Ostatnie odpowiedzi na forum
Mialo być że za każdym razem czekaliśmy w tych kolejkach :D
Vjolka
U nas bylo tak :po biopsji bylismy na konsultacji u pani chirurg ,ktora ustalila termin operacji ,potem za 2tygodnie ba konsylium musielismy jechac i zostal podtrzymany termin operacji, ktory byl 2 tyg.po konsylium za kazdym razem .Przed przyjeciem do szpitala też jeszcze byly badania i wizyty u lekarzy a potem to już szybko poszlo i wypis do domku :D
Kalmara cieszę się,że TSH spada,powolutku i będzie dobrze :D
No niestety to czekanie w Gliwicach jest okropne.Dobrze ,że coś już u Ciebie ruszylo.Byłaś u pani Krajewskiej?
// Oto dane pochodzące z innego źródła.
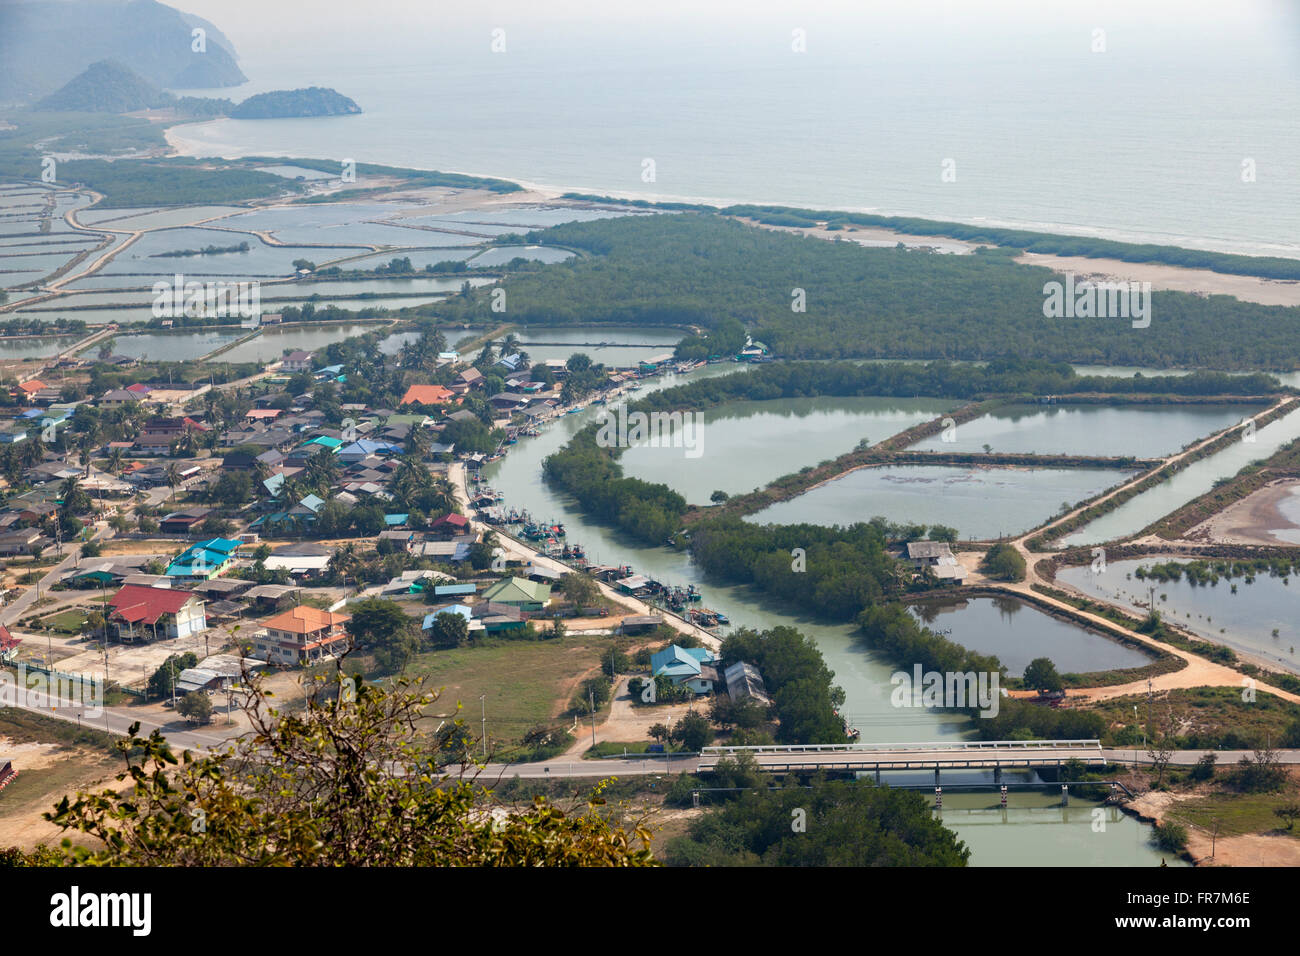 Du point de vue de Khao Daeng, vue sur une partie de la Khao Sam Roi Yot marine national park, les étangs de crevettes et le littoral. Banque D'Images

No właśnie Violka ja też o Tobie myślę :-) nas też czeka w tym tygodniu wizyta :(
Vjolka
Wydaje mi się, że prywatnie w Gliwicach nie ma sensu wszystko jest skomputeryzowane i swoje trzeba odczekać.Też na poczatku myśleliśmy prywatnie,ale jak trochę pojezdzilismy z synem to widzę,że na tym etapie to szkoda czasu na prywatne wizyty .Pozdrawiam cieplutko wszystkie mile forumowiczki :-) dziewczyny Wy jesteście najlepszymi psychologami na tym forum :-)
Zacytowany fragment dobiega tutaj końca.